===== Supplied entries

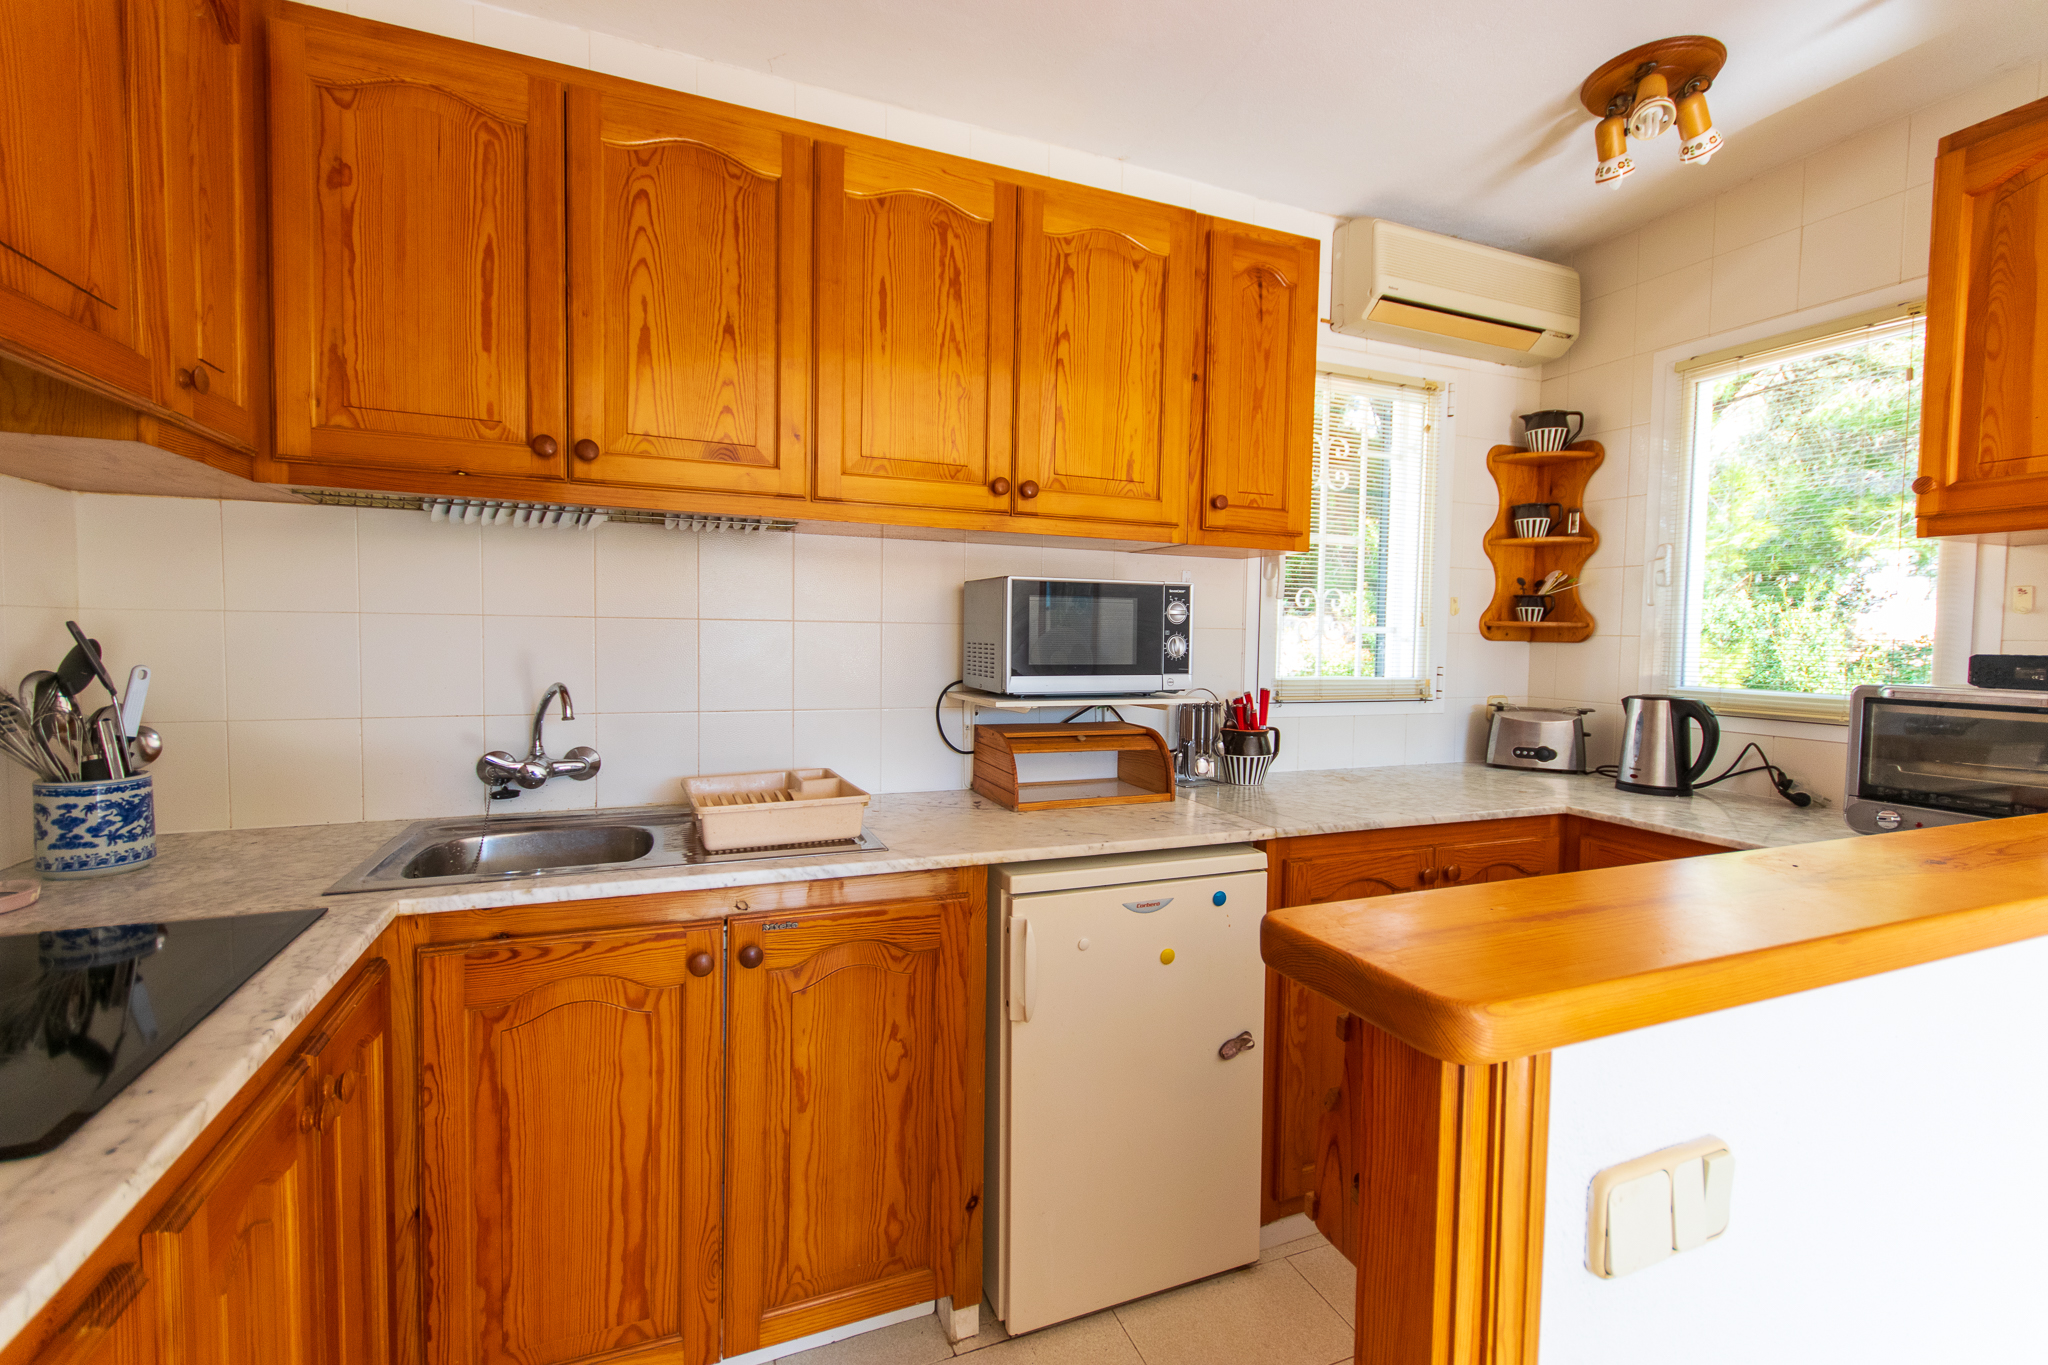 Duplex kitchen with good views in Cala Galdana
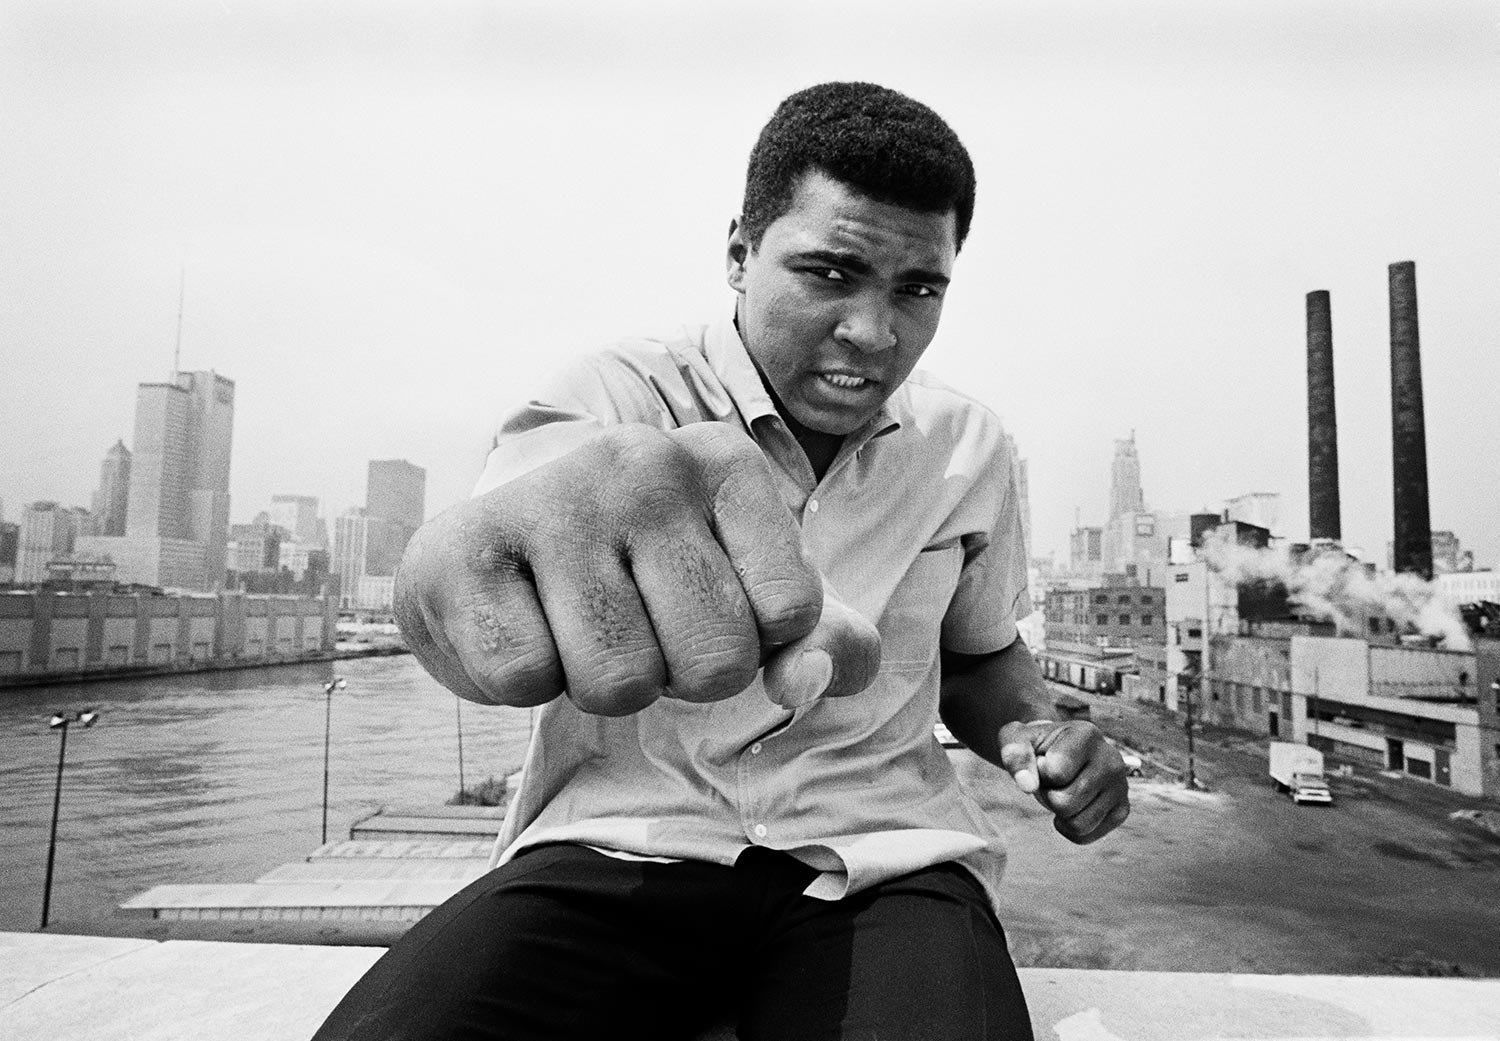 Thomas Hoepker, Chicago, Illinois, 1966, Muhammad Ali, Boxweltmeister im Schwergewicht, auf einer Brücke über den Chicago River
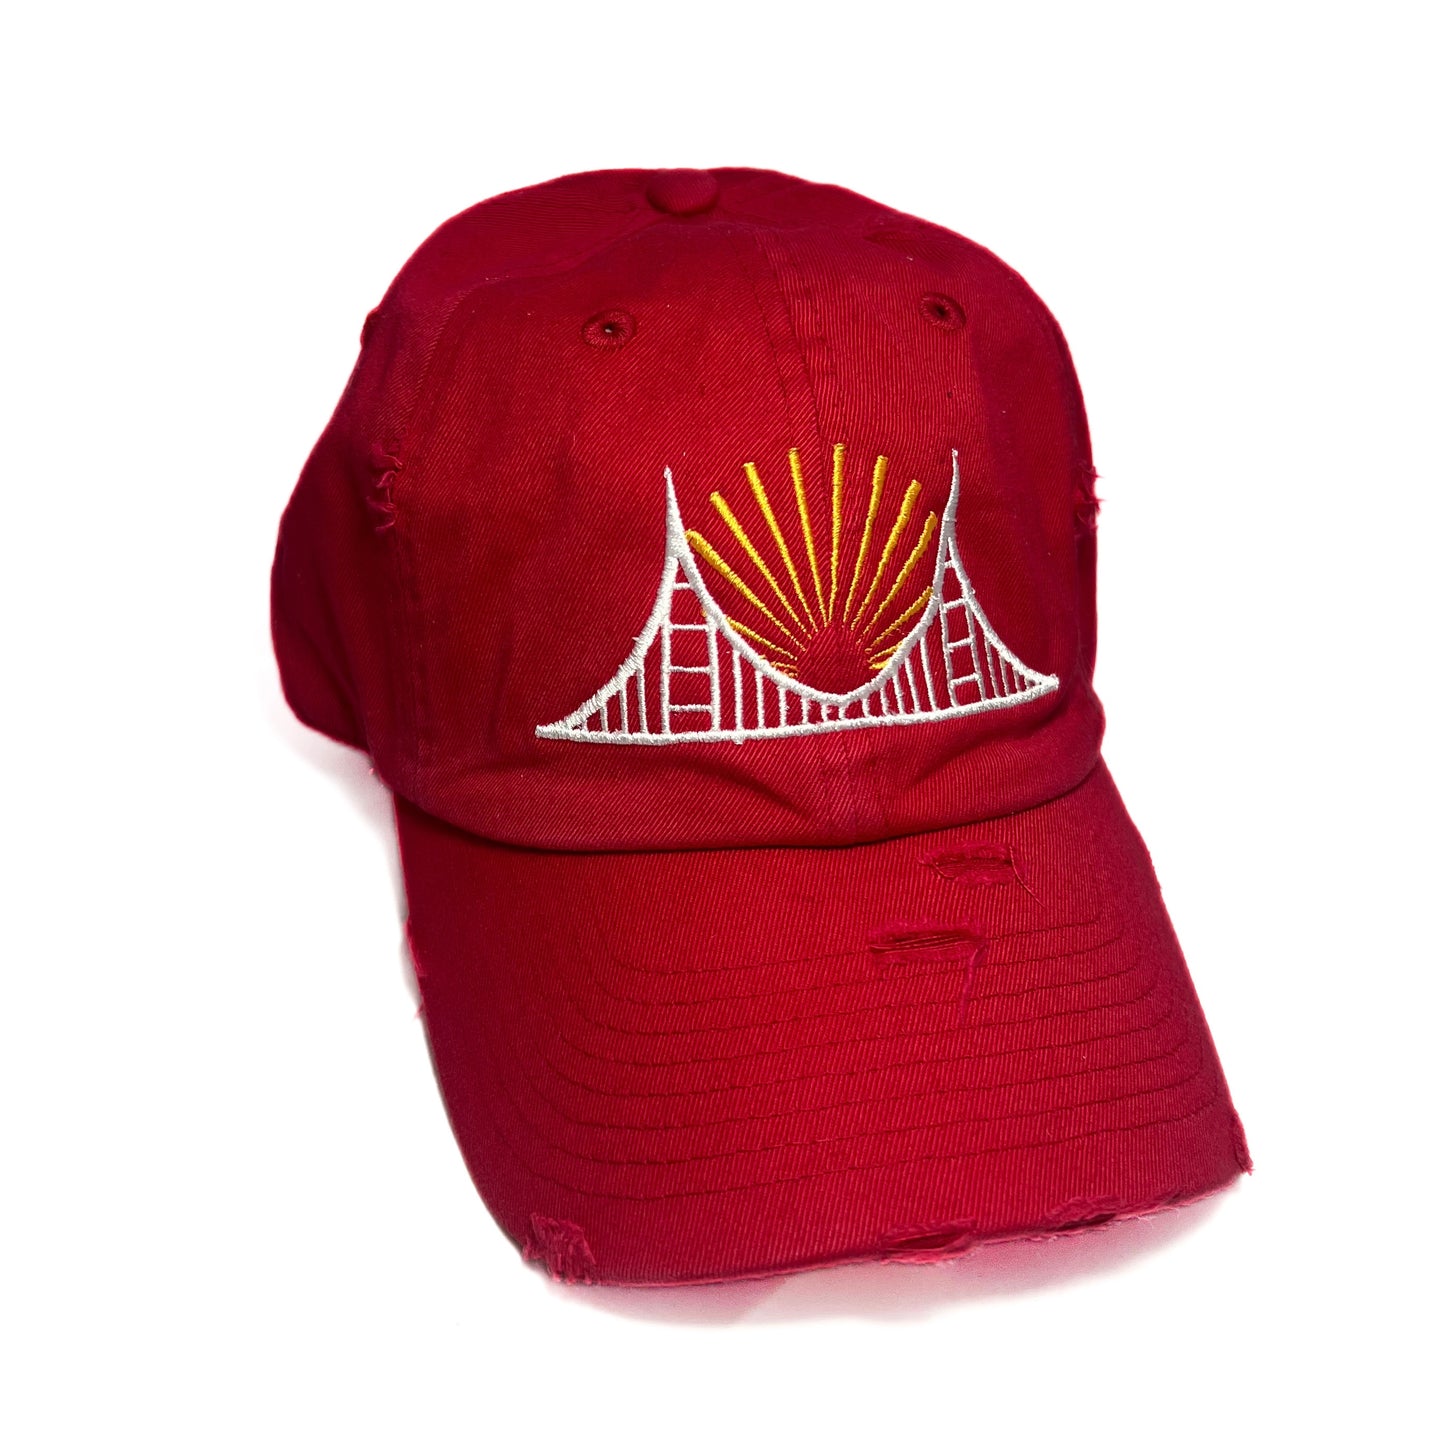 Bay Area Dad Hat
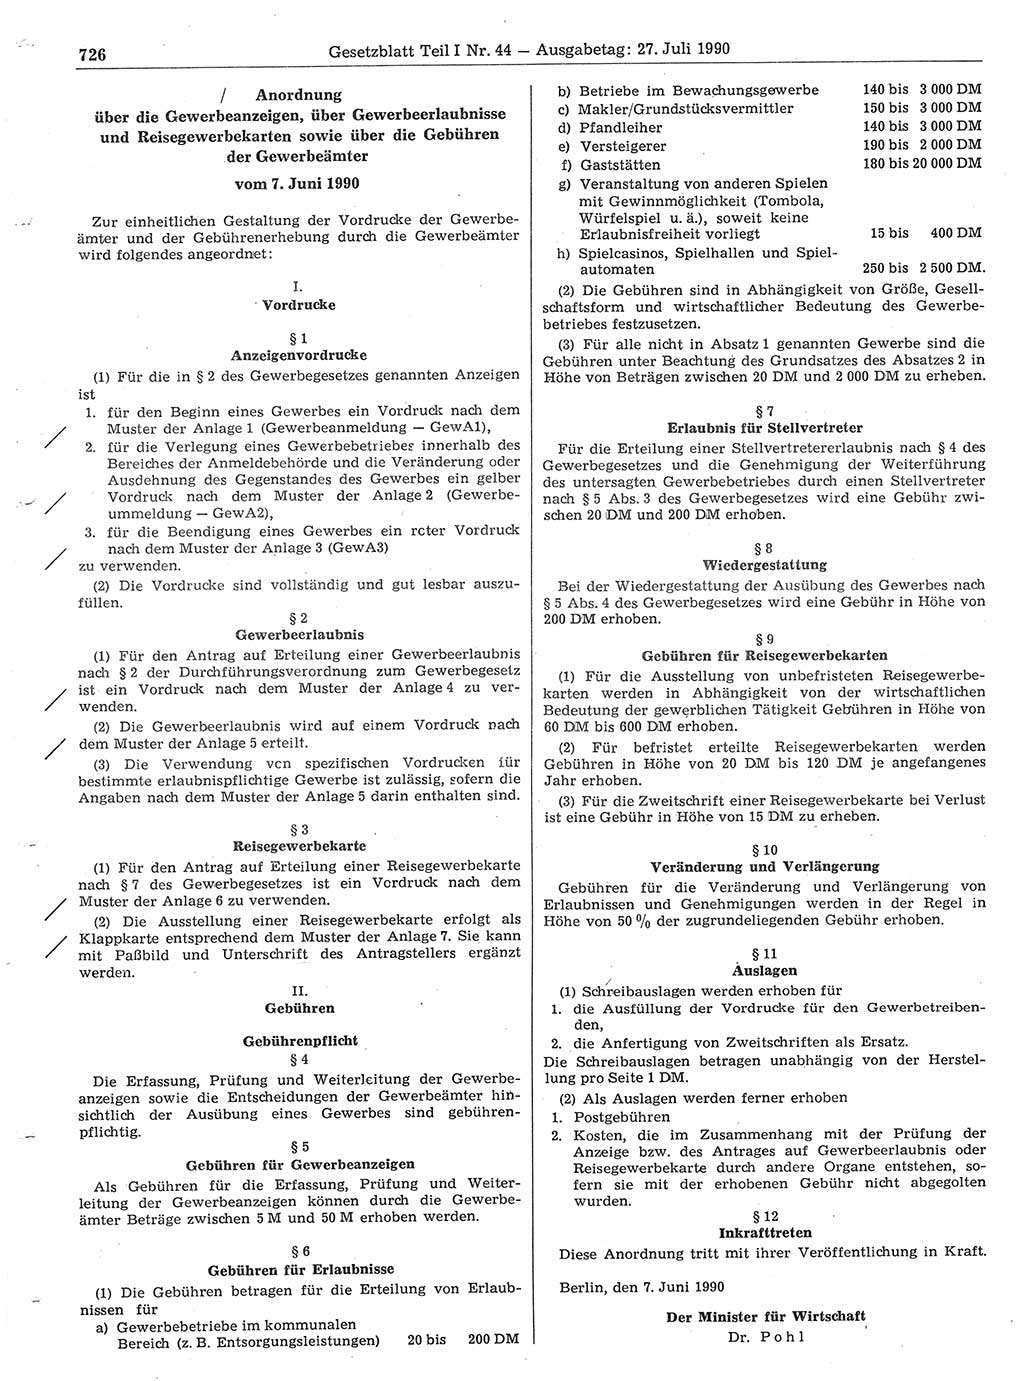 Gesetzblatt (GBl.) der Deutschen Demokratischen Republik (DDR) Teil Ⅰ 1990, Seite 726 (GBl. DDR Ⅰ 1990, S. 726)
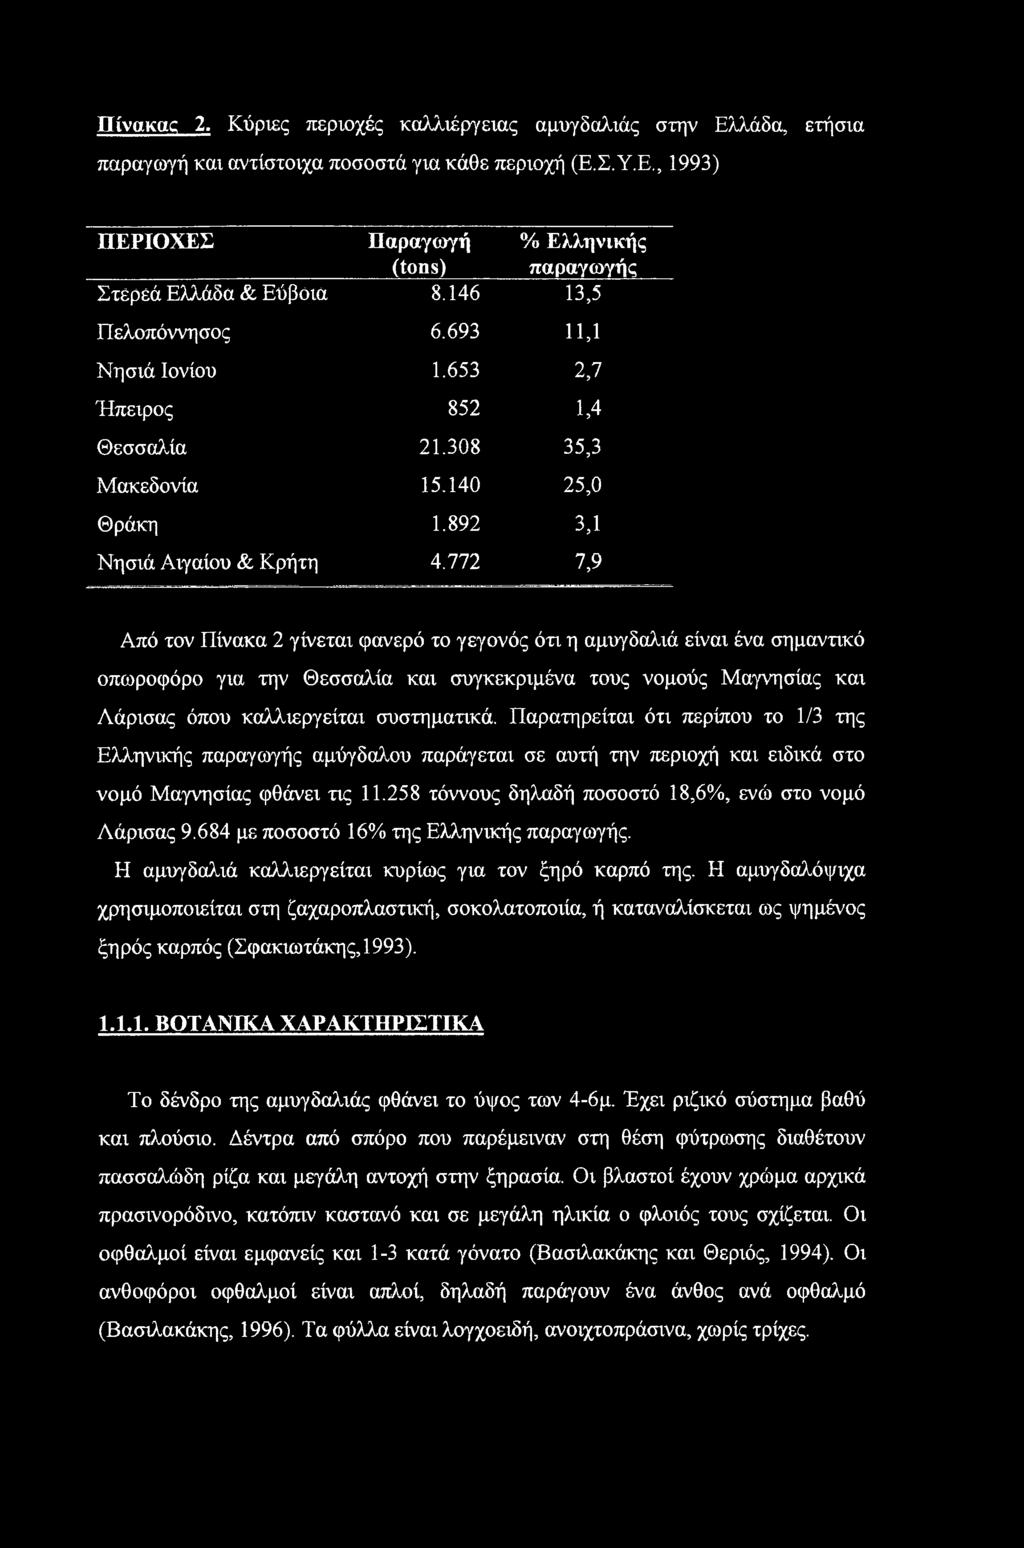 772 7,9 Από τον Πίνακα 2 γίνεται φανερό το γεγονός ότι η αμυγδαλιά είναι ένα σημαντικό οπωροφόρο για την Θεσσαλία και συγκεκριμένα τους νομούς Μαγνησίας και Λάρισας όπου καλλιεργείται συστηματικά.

==========

**Required action**
With pictures omitted, copy exactly the lines from the one containing "Gesetzblatt (GBl.) der" through the final line of the listing, both included.

**Response to this exercise**
 Gesetzblatt (GBl.) der Deutschen Demokratischen Republik (DDR) Teil Ⅰ 1990, Seite 726 (GBl. DDR Ⅰ 1990, S. 726)
 772 7,9 Από τον Πίνακα 2 γίνεται φανερό το γεγονός ότι η αμυγδαλιά είναι ένα σημαντικό οπωροφόρο για την Θεσσαλία και συγκεκριμένα τους νομούς Μαγνησίας και Λάρισας όπου καλλιεργείται συστηματικά.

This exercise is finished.